[Exercise] Your copy of the listing should match it exactly, only without pictures.

Top of Dataset content

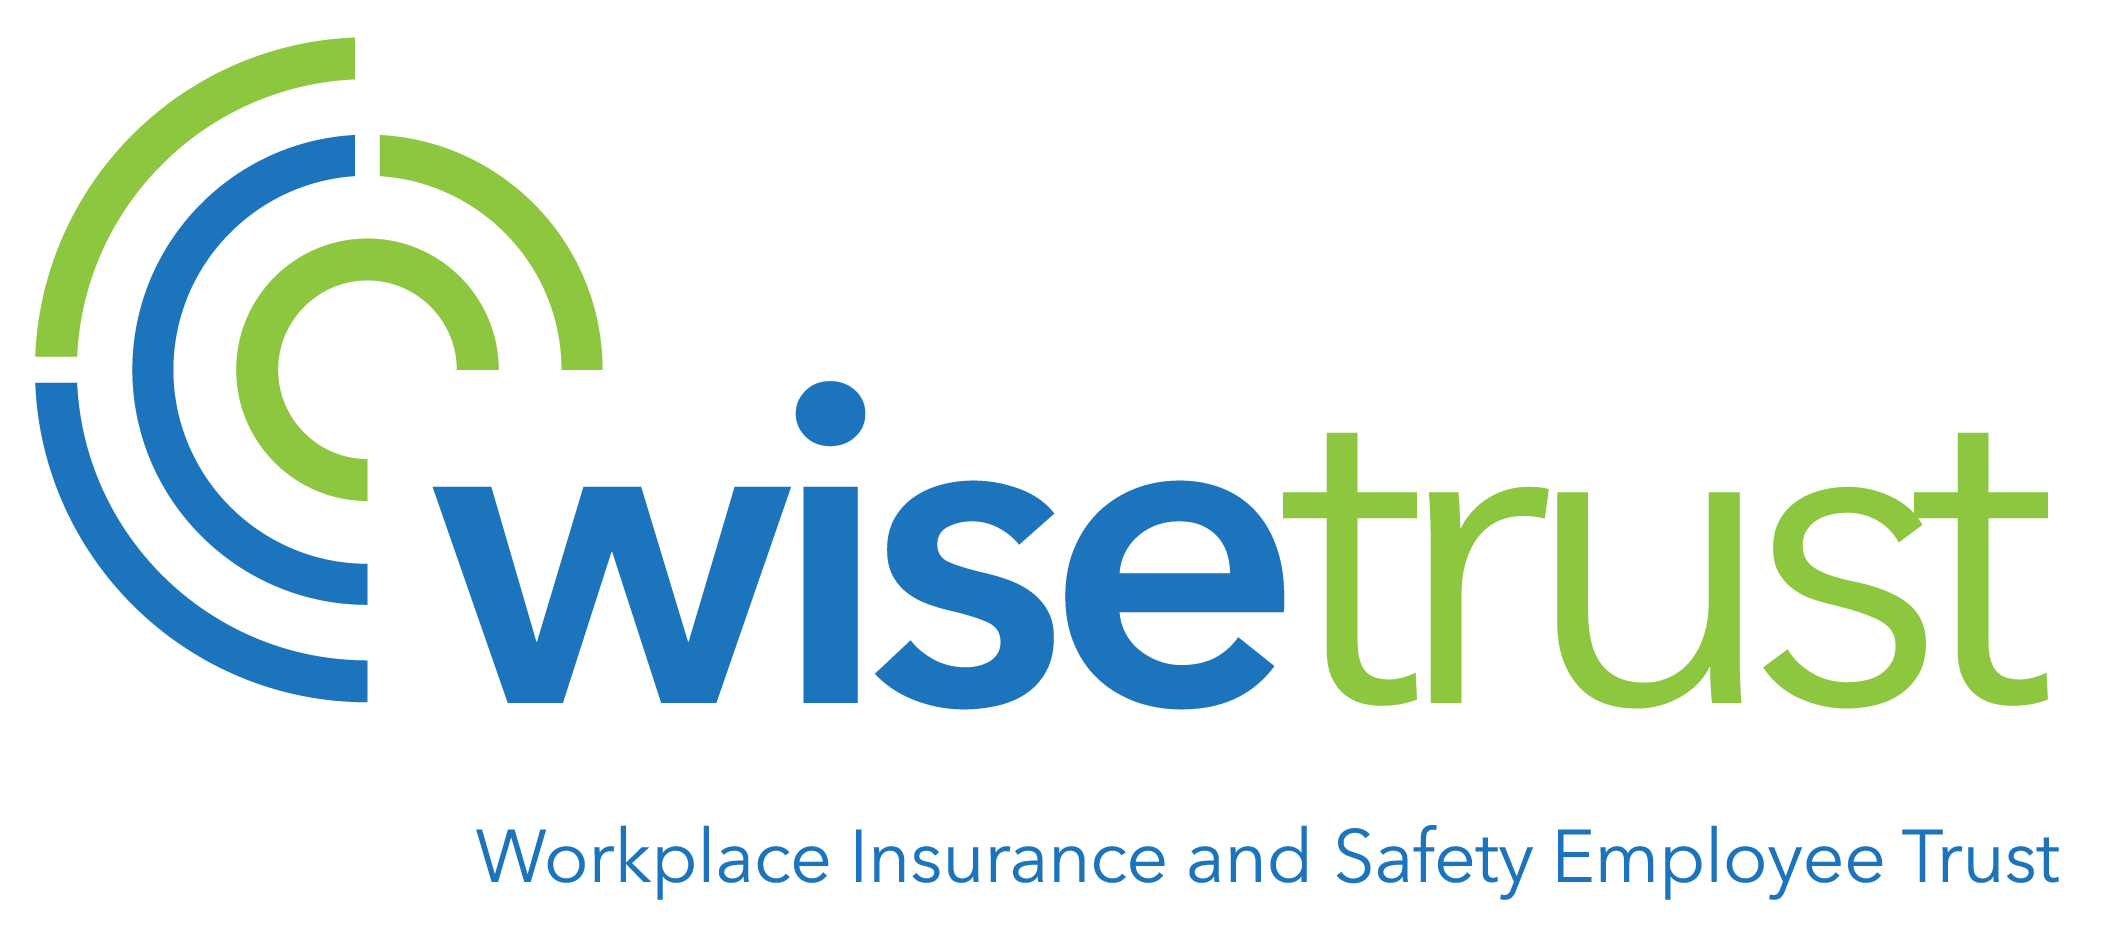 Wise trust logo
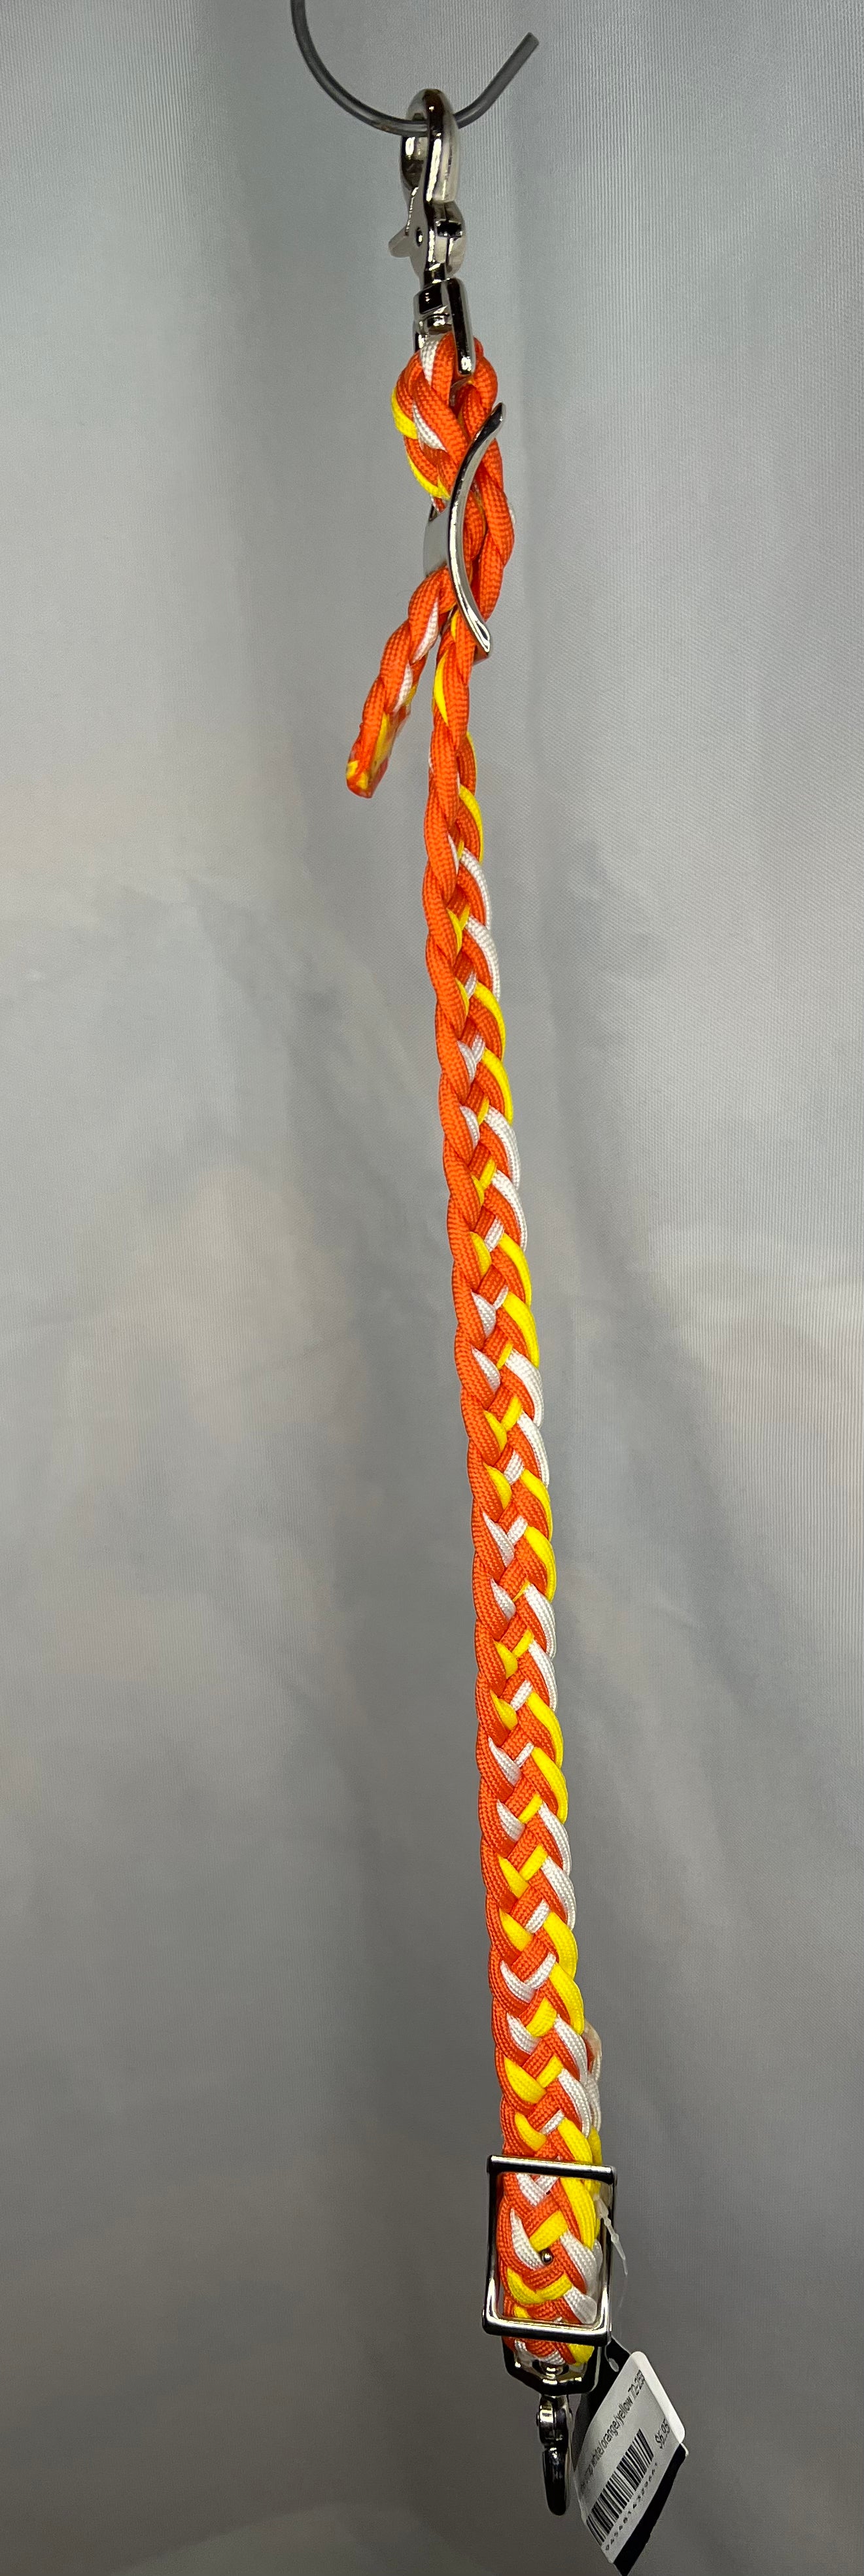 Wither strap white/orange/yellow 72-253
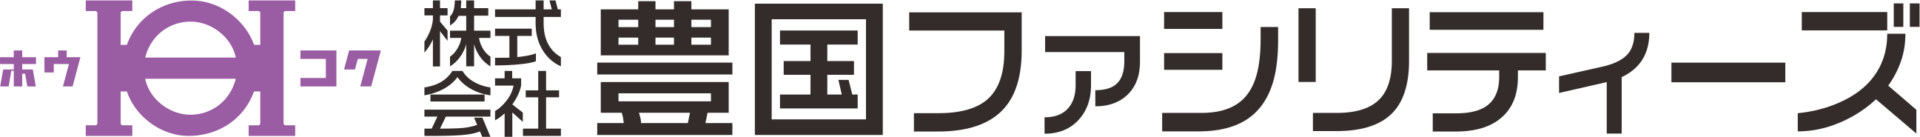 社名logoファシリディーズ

Bottom of Dataset content

[Your response]
 Wise trust logo
 Wither strap white/orange/yellow 72-253
 社名logoファシリディーズ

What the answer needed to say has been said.